Four out of five largely legitimate Houses (1946, 1970, 1988, 2008 and 2013) completed their term though none of their seven prime ministers did so. But six out of eight rigged parliamentary-era assemblies and the nine prime ministers from them fell early and so did the four prime ministers from the two Houses completing their term (2002 and 2018). The reasons for early removals (except in 1977 when Bhutto called early polls and in 2012 when chief justice Iftikhar Chaudhry axed Yousuf Raza Gilani) were fallouts with the establishment. If the current dispensation falls early, it would not be unusual.

Past early exits varied much in their exact form (removal of just the prime minister, the ruling party or the Assembly itself) and modalities (martial law, no-trust vote, presidential dismissals or resignation under duress). So did the reasons for the fallout, ranging from minor policy or personality clashes to attempts by civilian prime ministers to clip the establishment’s wings. Those axed on policy clashes often returned quickly, for example, the PPP and PML-N in the 1990s. Those daring to dream about clipping hallowed wings had very ugly fallouts and were banished for long.

Bhutto was hanged and his daughter came to power only briefly after more than a decade. Nawaz Sharif in 1999 was banished for several years. The MQM’s Altaf Hussain, though not a national leader, had an ugly fallout in 2016. Imran Khan’s fallout was perhaps the ugliest. Thus, a deeper analysis is needed to analyse the likely longevity of this wobbly, sorry-looking current set-up and the likely shape of an early end. We may even see a break from the past where both the prime minister and Assembly complete term or fall without an establishment hand in their collapse.

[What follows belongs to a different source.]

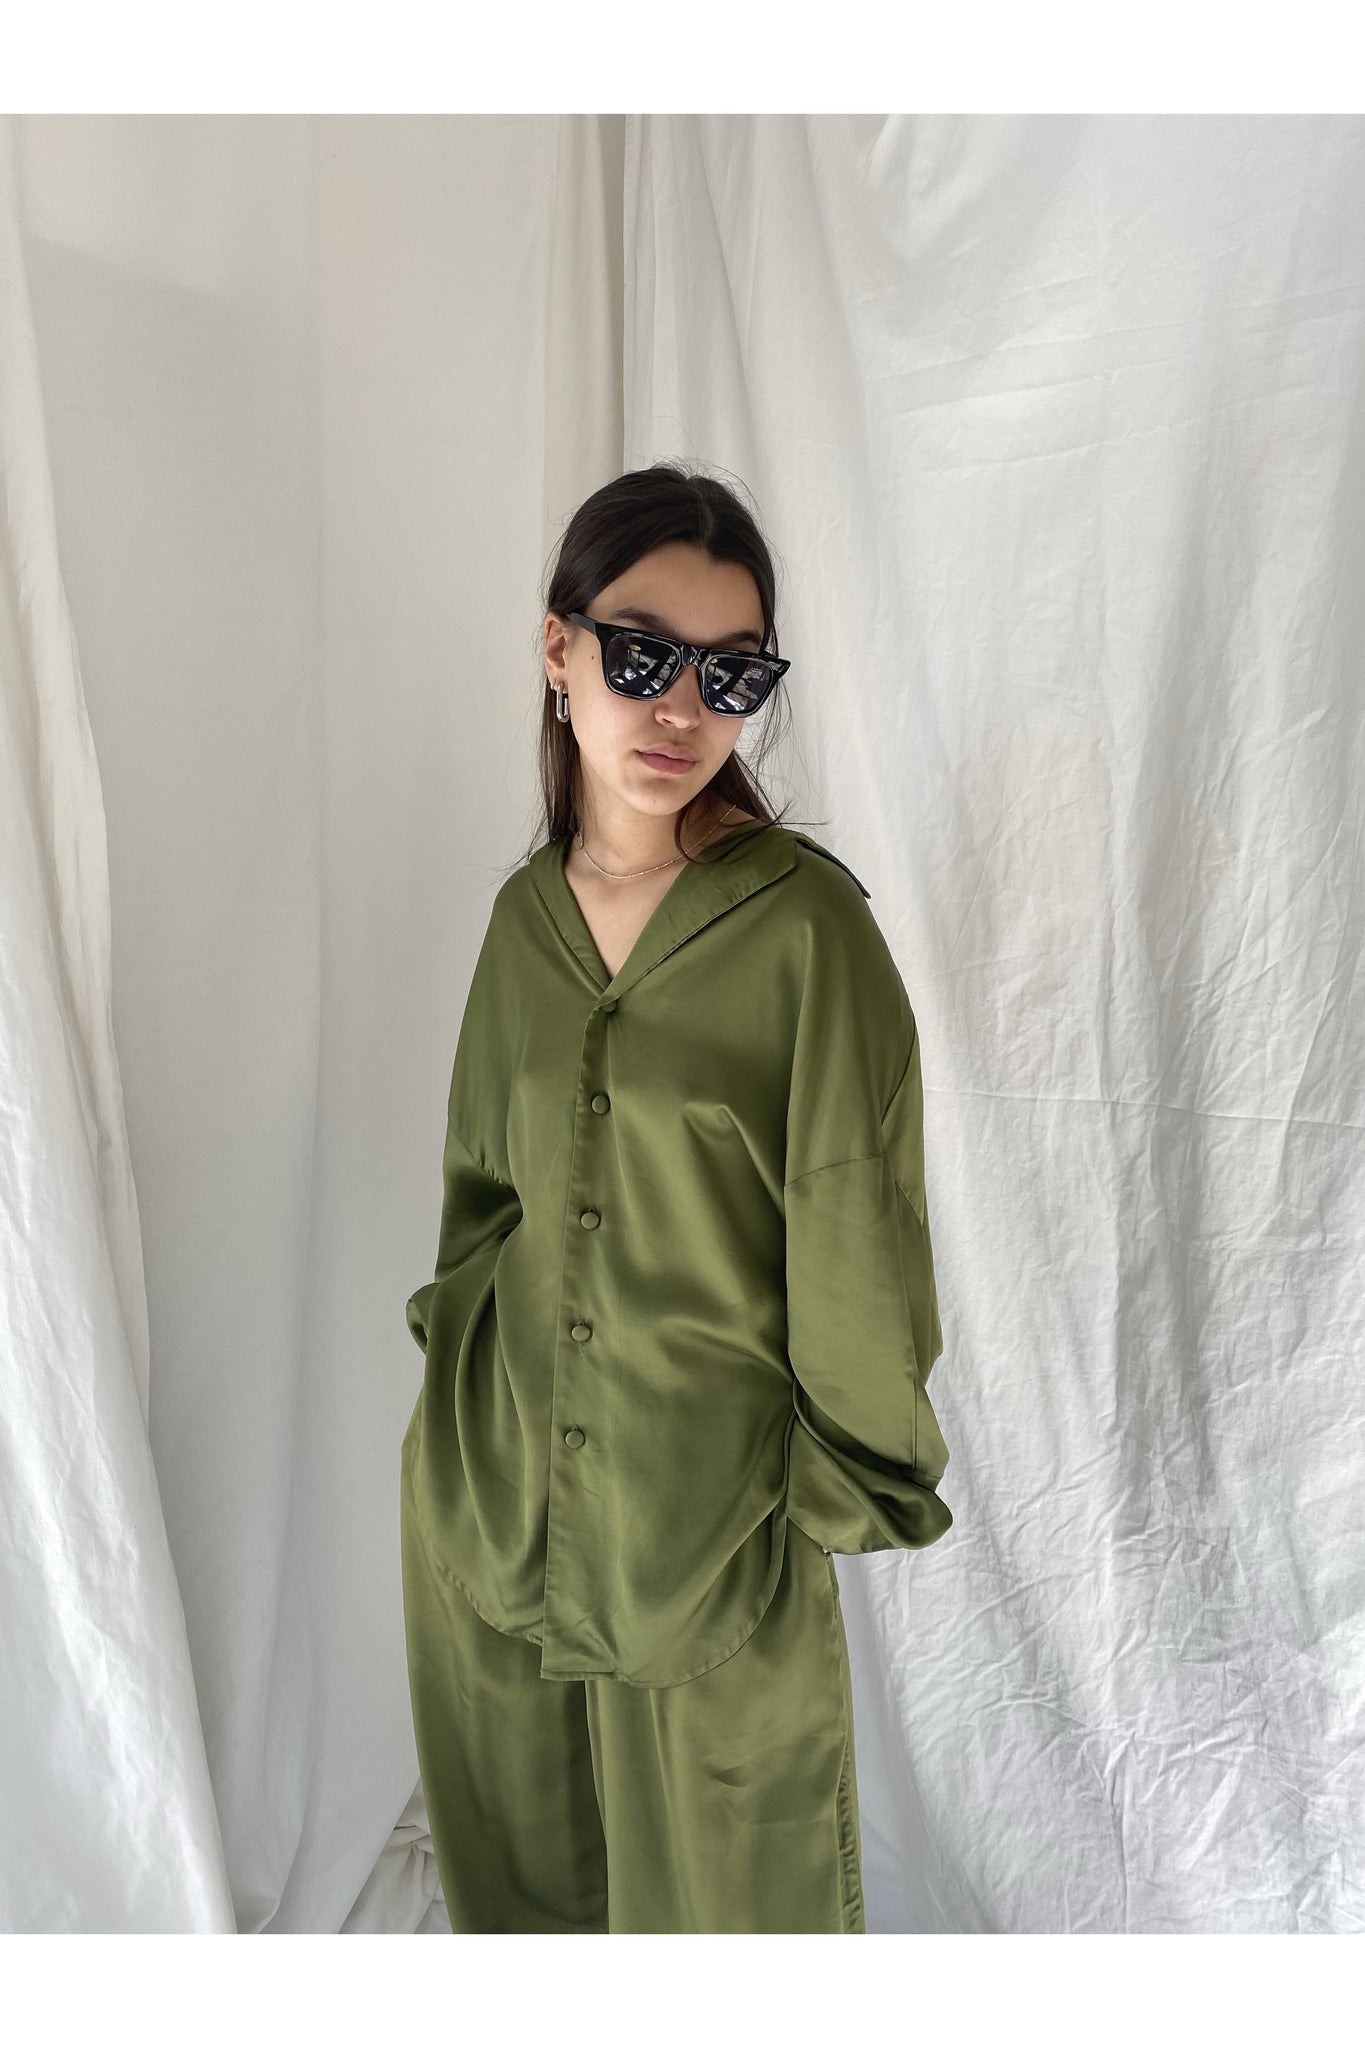 OVERSIZED SILKY SHIRT BY CAN PEP REY - BEYOND STUDIOS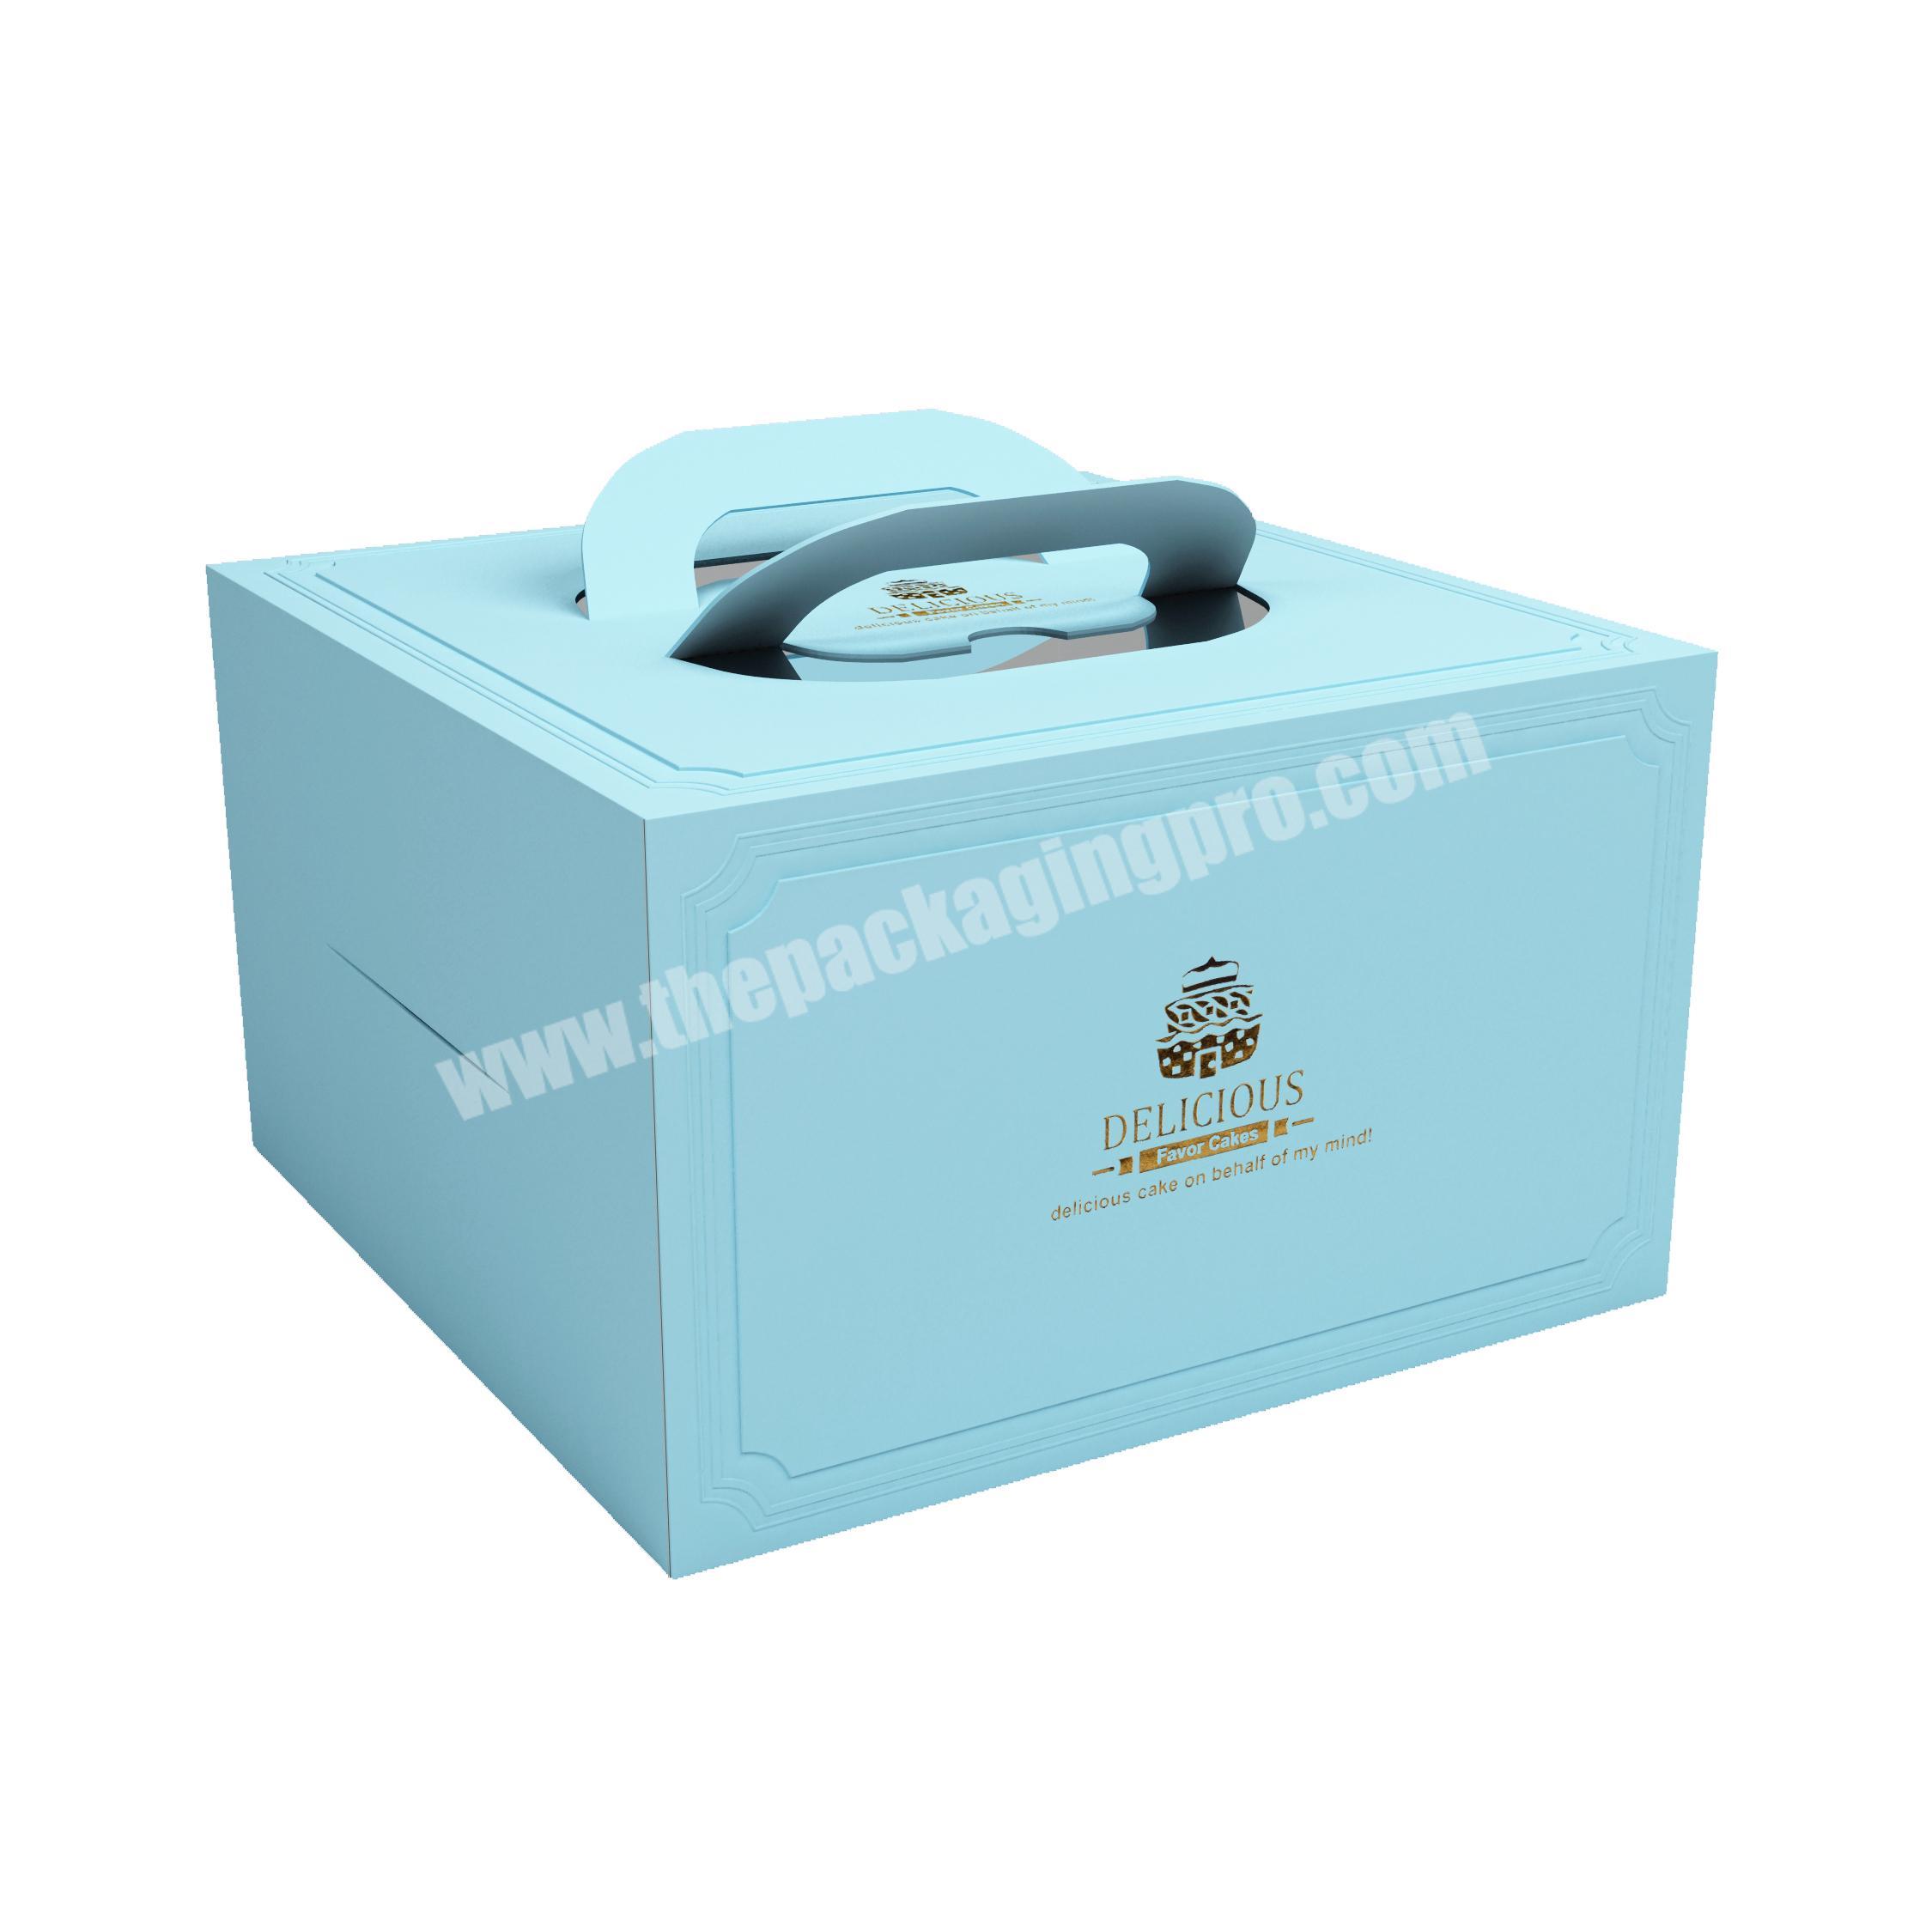 High Quality Black Varnishing Moon Window Custom Design Box Food Grade Disposable Cake To Go Paper Packaging Boxes

Policy clashes are the biggest Achilles heel of the government.

One unlikely way to this last option could be if election tribunals magically resolve the Form 45 saga in the PTI’s favour. But the PML-N coalition’s ranks have been contrived to reach a two-thirds majority and the number of election petitions filed by the PTI may be insufficient to reduce it to a minority. Street agitation may be a second way, especially if legal options to keep Imran Khan in jail run out, given the weak verdicts against him, and if a new judicial independence streak emerges in wake of the letter by six Islamabad High Court judges. This would put us in uncharted territory where a party having experienced an ugly fallout returns to power quickly against the establishment’s wishes. Finally, the PPP and PTI may attempt to strike an alliance. But neither may want to be the junior partner. The PTI may not even want the PPP as junior partner and the PPP may not risk doing so without the approval of non-political elements.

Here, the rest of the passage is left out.